In [1]:
# 导入需要使用的库
import numpy as np
import pandas as pd
import os
import json

In [2]:
# 对TCGA下载的文件进行处理

In [3]:
# 划分存储tsv文件xml文件的文件夹
def tsv_xml():
    tsv_dir = []  # 保存文件夹的文件是.tsv文件的文件夹名
    tsv_file_name = [] # 保存.tsv的文件名
    xml_dir = []  # 保存文件夹的文件是.xml文件的文件夹名
    mul_dir = []  # 保存文件夹的文件是多个文件的文件夹名
    file_dir = []  # 保存内容不是文件夹的文件名
    unknow_dir = []  # 保存文件夹的文件是不知名文件的文件夹名
    # 获取包含TCGA下载文件的所有文件夹信息
    dir_all = 'E:/cancerPrognosis/MyLUAD/LUADDownload'
    dir_all_list=os.listdir(dir_all)
    # 获取存储每一个样本的文件夹名
    for i in dir_all_list:
        dir_name = dir_all+'/'+i
        # 判断该地址下的内容是文件夹，还是文件
        if(os.path.isdir(dir_name)):
            dir_per_list = os.listdir(dir_name)

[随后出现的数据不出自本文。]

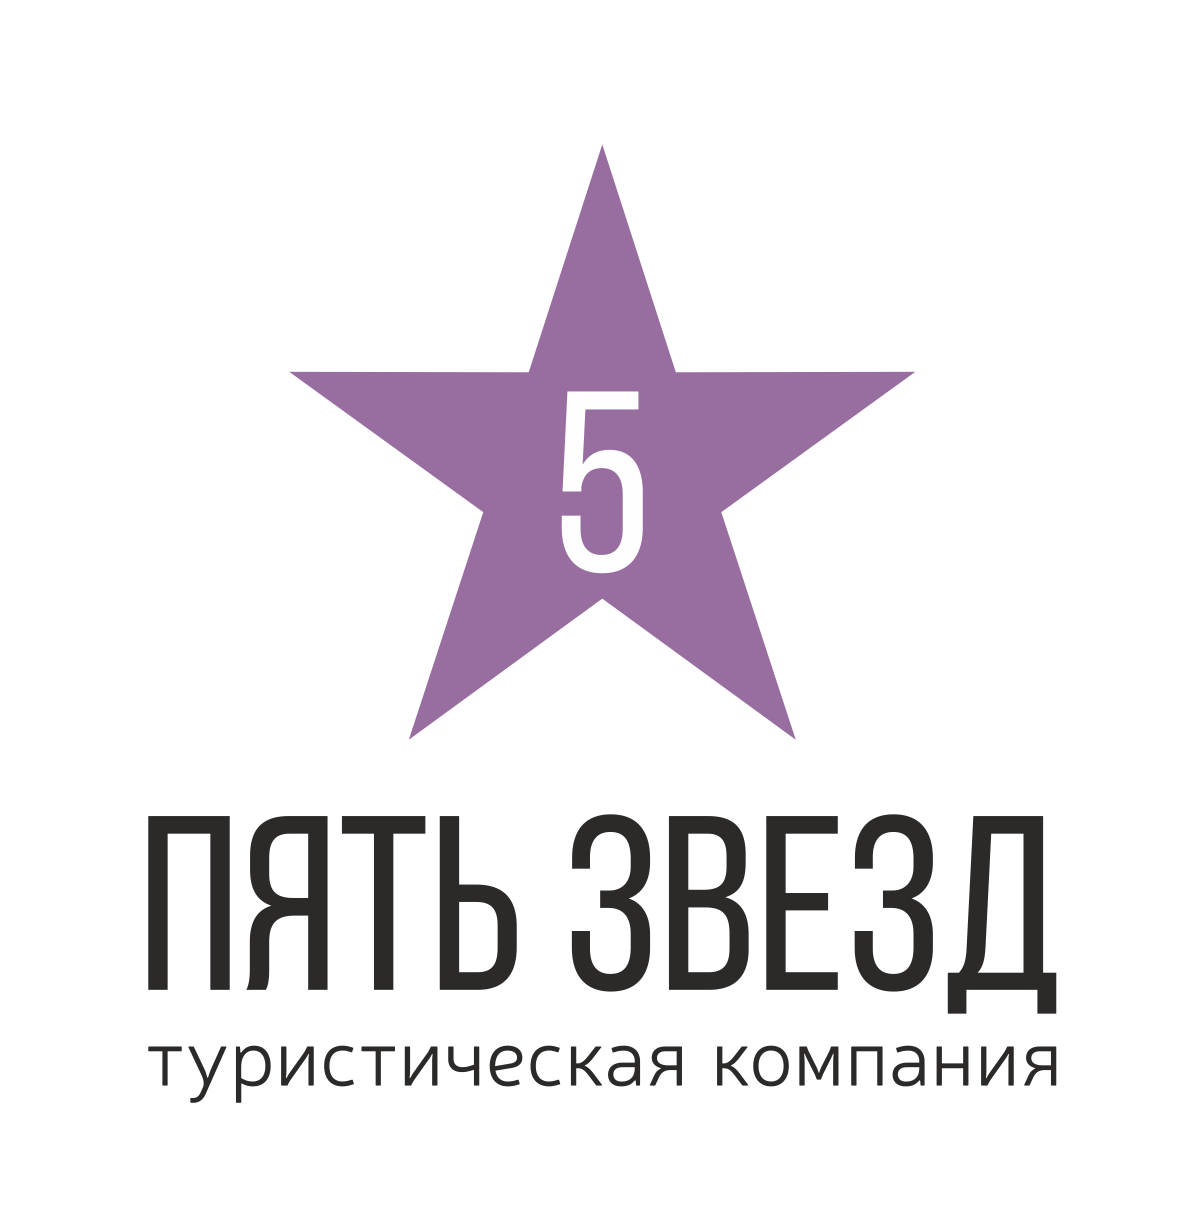 5 stars ru

            # 判断文件夹里面的文件是一个还是多个
            if len(dir_per_list) != 1:
                mul_dir.append(dir_name)
            # 读取文件夹里面的文件，判断是TSV文件还是XML文件
            elif dir_per_list[0][-3:] == 'tsv':
                tsv_dir.append(dir_name)
                tsv_file_name.append(dir_per_list[0])

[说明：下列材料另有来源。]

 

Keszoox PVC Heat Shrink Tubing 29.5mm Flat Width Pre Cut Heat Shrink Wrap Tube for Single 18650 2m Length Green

            elif dir_per_list[0][-3:] == 'xml':
                xml_dir.append(dir_name)
            else:
                unknow_dir.append(dir_name)
        else:
            # 如果不是文件夹就保存文件名
            file_dir.append(dir_name)
#     print('tsv_dir',len(tsv_dir))
#     print('tsv_file_name',len(tsv_file_name))
#     print('xml_dir',len(xml_dir))
#     print('mul_dir',len(mul_dir))
#     print('file_dir',len(file_dir))
#     print('unknow_dir',len(unknow_dir))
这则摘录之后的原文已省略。